In [20]:
from os import path
import numpy as np
import pandas as pd
from scipy.spatial.distance import pdist, squareform
from reconstruction_utils import run_kNeighbors, reorder_FA
from selfregulation.utils.utils import get_recent_dataset
from selfregulation.utils.result_utils import load_results, get_info
from selfregulation.utils.r_to_py_utils import psychFA

In [21]:
def k_nearest_close_reconstruction(results, drop_regex, num_available_measures=None,
                             pseudo_pop_size=60, n_reps=100, 
                             k_list=None, EFA_rotation='oblimin', 
                             metric='correlation',
                             verbose=True,
                             weightings = ['distance']):
    """
    Extension of k_nearest_reconstruction that uses a omnipotent "closeness" algorithm 
    to select a subset of variables
    """
    def run_EFA(data, c, rotation, orig_loading):
        fa, out = psychFA(data, c, rotate=EFA_rotation)
        loadings = pd.DataFrame(out['loadings'], index=data.columns)
        loadings = reorder_FA(orig_loadings, loadings)
        return loadings
    
    def get_closest(data, target, n_tasks=5, metric='correlation'):
        index = data.columns.get_loc(target)
        distances = squareform(pdist(data.T, metric=metric))
        sort_vars = data.columns[np.argsort(distances[index])]
        # get closest tasks until tasks are filled up
        tasks = set()
        for var in sort_vars:
            task, *_ = var.split('.')
            tasks.add(task)
            if len(tasks) == n_tasks:
                break
        # get variables from tasks
        neighbors = data.filter(regex='|'.join(tasks)).columns
        return neighbors
    c = results.EFA.results['num_factors']
    orig_loadings = results.EFA.get_loading(c, rotate=EFA_rotation)
    full_data = results.data
    drop_vars = list(full_data.filter(regex=drop_regex).columns)
    subset = full_data.drop(drop_vars, axis=1)
    full_loadings = run_EFA(subset, c, EFA_rotation, orig_loadings)
    if full_loadings is None:
        return
    var_reconstructions = pd.DataFrame()
    for var in drop_vars:
        # imagine we have a good estimate of one measure tomap is related to
        target = full_data.corr()[var].drop(drop_vars).idxmax()
        # get a neighborhood around that target
        available_vars = get_closest(full_loadings.T, target, n_tasks=num_available_measures,
                                    metric=metric)

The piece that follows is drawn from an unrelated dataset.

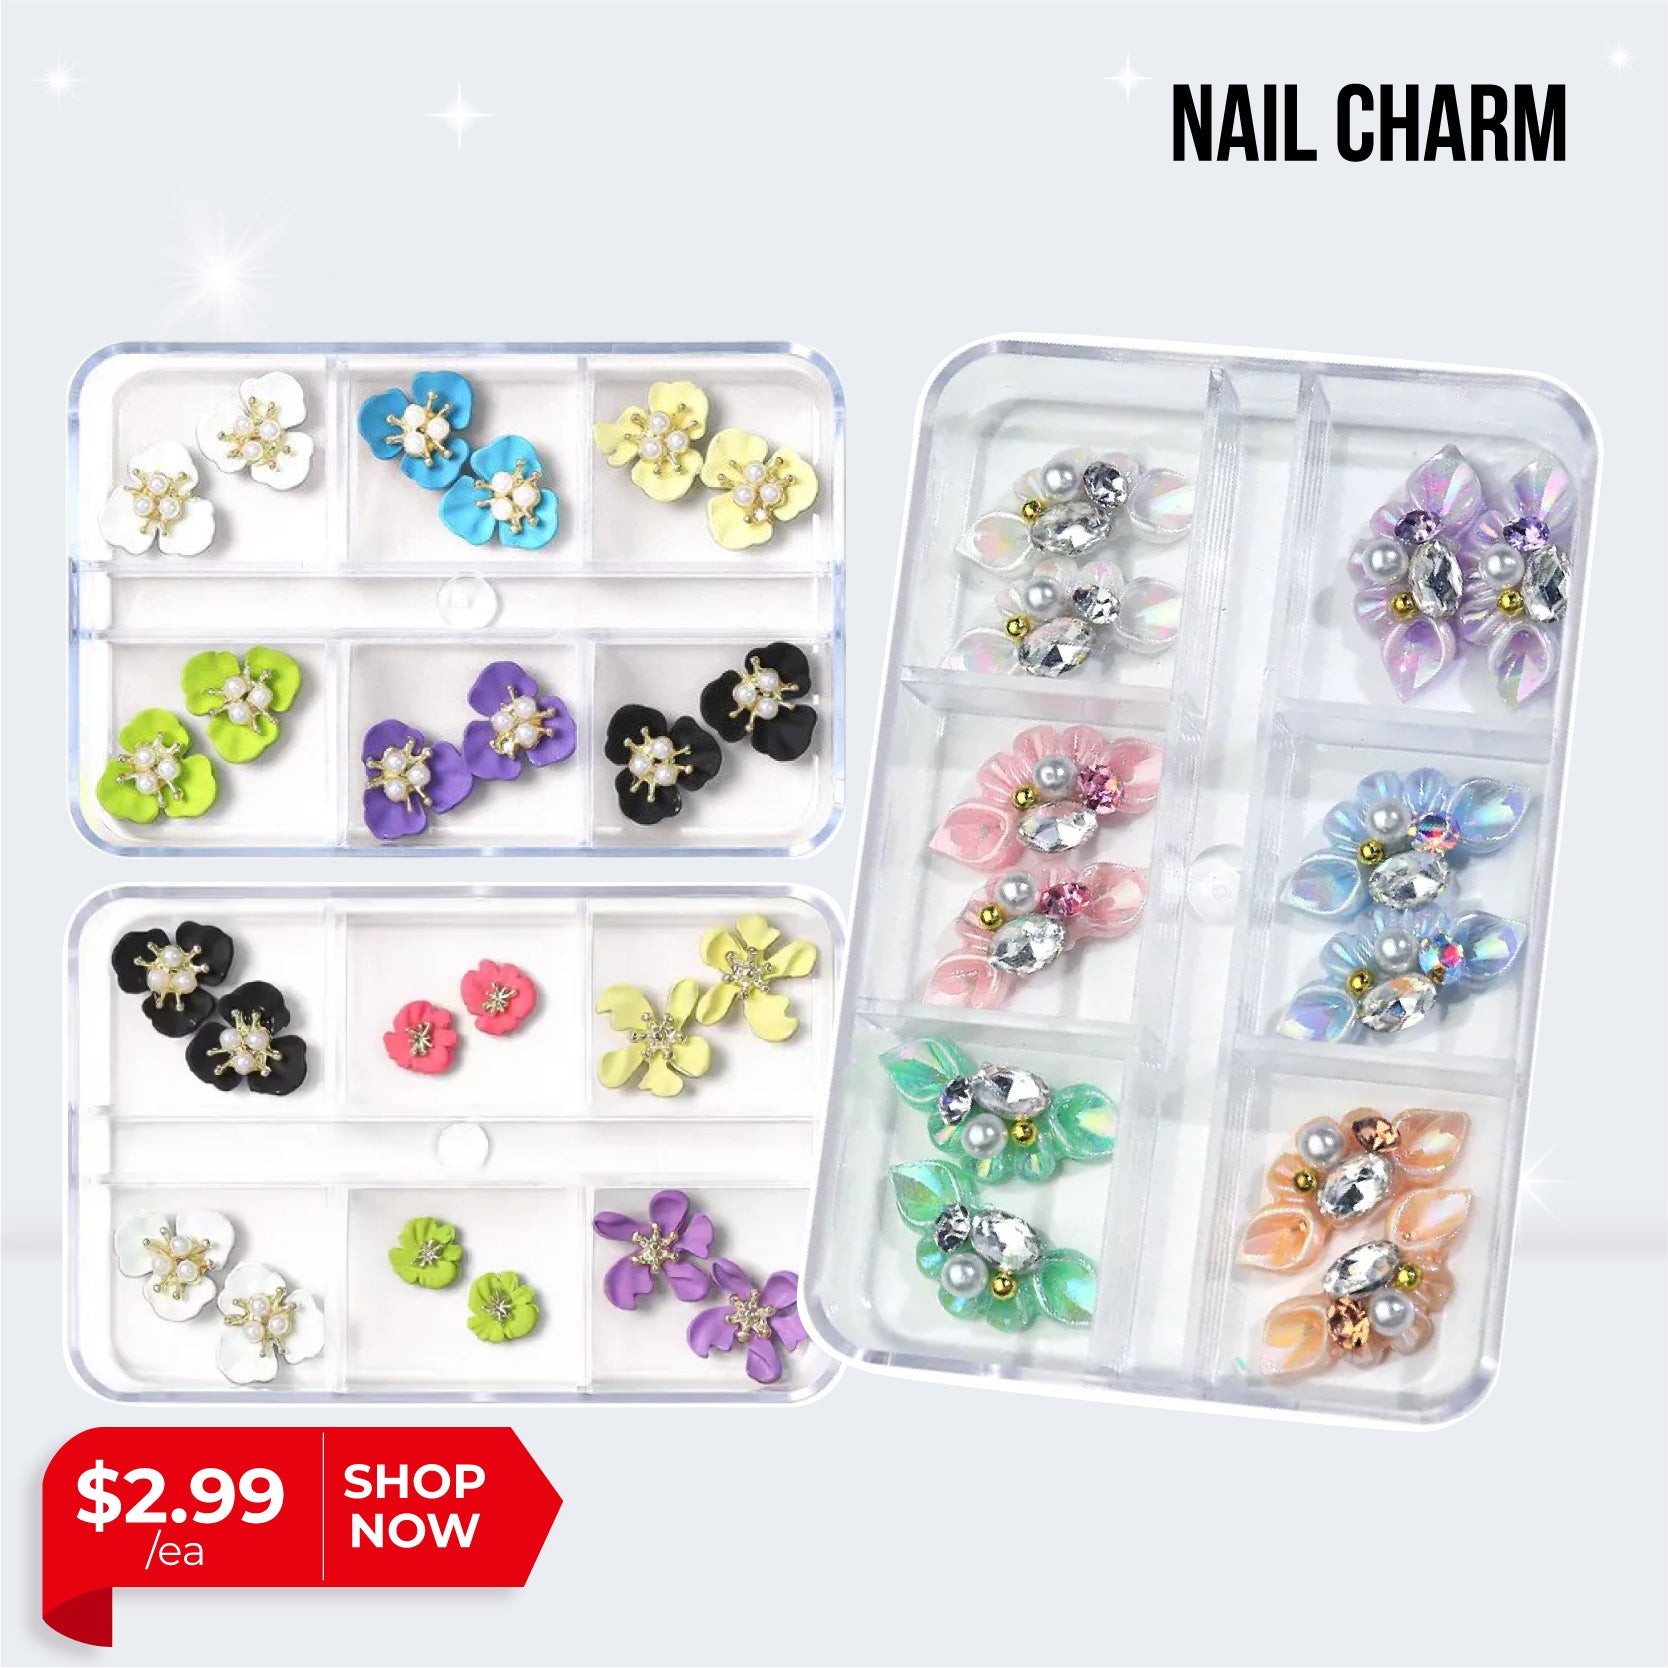 Buy S.A.V.I 3D Shell Flower, Nail Art Palette Decorations, 12 Grids Arora  Bow Butterfly, Nail decorations Art Accessories Jewelry DIY For Manicure  Design Accessories Online at Low Prices in India - Amazon.in

        # get dataset and loadings
        data = full_data.loc[:, set(available_vars) | set(drop_vars)]
        loadings = full_loadings.loc[available_vars,:]
        for rep in range(n_reps):
            random_subset = data.sample(pseudo_pop_size)
            distances = pd.DataFrame(squareform(pdist(random_subset.T, metric=metric)), 
                                     index=data.columns, 
                                     columns=data.columns).drop(drop_vars, axis=1)
            tmp_reconstruction = run_kNeighbors(distances, loadings, [var], weightings, 
                                                [min(loadings.shape[0], 13)])
            tmp_reconstruction['label'] = "closest_reconstruction"
            tmp_reconstruction['num_available_measures'] = num_available_measures
            tmp_reconstruction['rep'] = rep
            var_reconstructions = pd.concat([var_reconstructions, tmp_reconstruction])
    return var_reconstructions

In [22]:
EFA_rotation='oblimin'
dataset = get_recent_dataset()

results = load_results(dataset)['task']
output_dir = path.join(get_info('results_directory'),
                       'ontology_reconstruction', dataset, results.ID, EFA_rotation)
measure_list = np.unique([i.split('.')[0] for i in results.data.columns])

In [37]:
full_reconstruction = pd.DataFrame()
regex_list = ['^'+m for m in measure_list]
for num_available_measures in range(1,11):
    for pop_size in [30, 50, 100, 400]:
        for drop_regex in regex_list:
            var_reconstruction = k_nearest_close_reconstruction(results, drop_regex, num_available_measures, 
                                          pseudo_pop_size=pop_size, n_reps=50)
            if var_reconstruction is None:
                continue
            var_reconstruction['pop_size'] = pop_size
            full_reconstruction = pd.concat([full_reconstruction, var_reconstruction])
full_reconstruction = full_reconstruction.sort_values(by='var')
full_reconstruction.reset_index(drop=True, inplace=True)

In [41]:
# get reconstruction scores
loadings = results.EFA.get_loading()
loadings
scores = []
for i, row in full_reconstruction.iterrows():
    var = row['var']
    onto_embedding = loadings.loc[var]
    estimated_embedding = row[onto_embedding.index]
    score = np.corrcoef(list(estimated_embedding), 
                          list(onto_embedding))[0,1]
    scores.append(score)
full_reconstruction.loc[:, 'corr_score'] = scores

# of components not specified, using BIC determined #


In [42]:
summary = full_reconstruction.groupby(['var','pop_size','num_available_measures']).corr_score.agg([np.mean, np.std]).reset_index()
summary.to_pickle(path.join(output_dir, 'KNNRclosest_correlation_summary.pkl' ))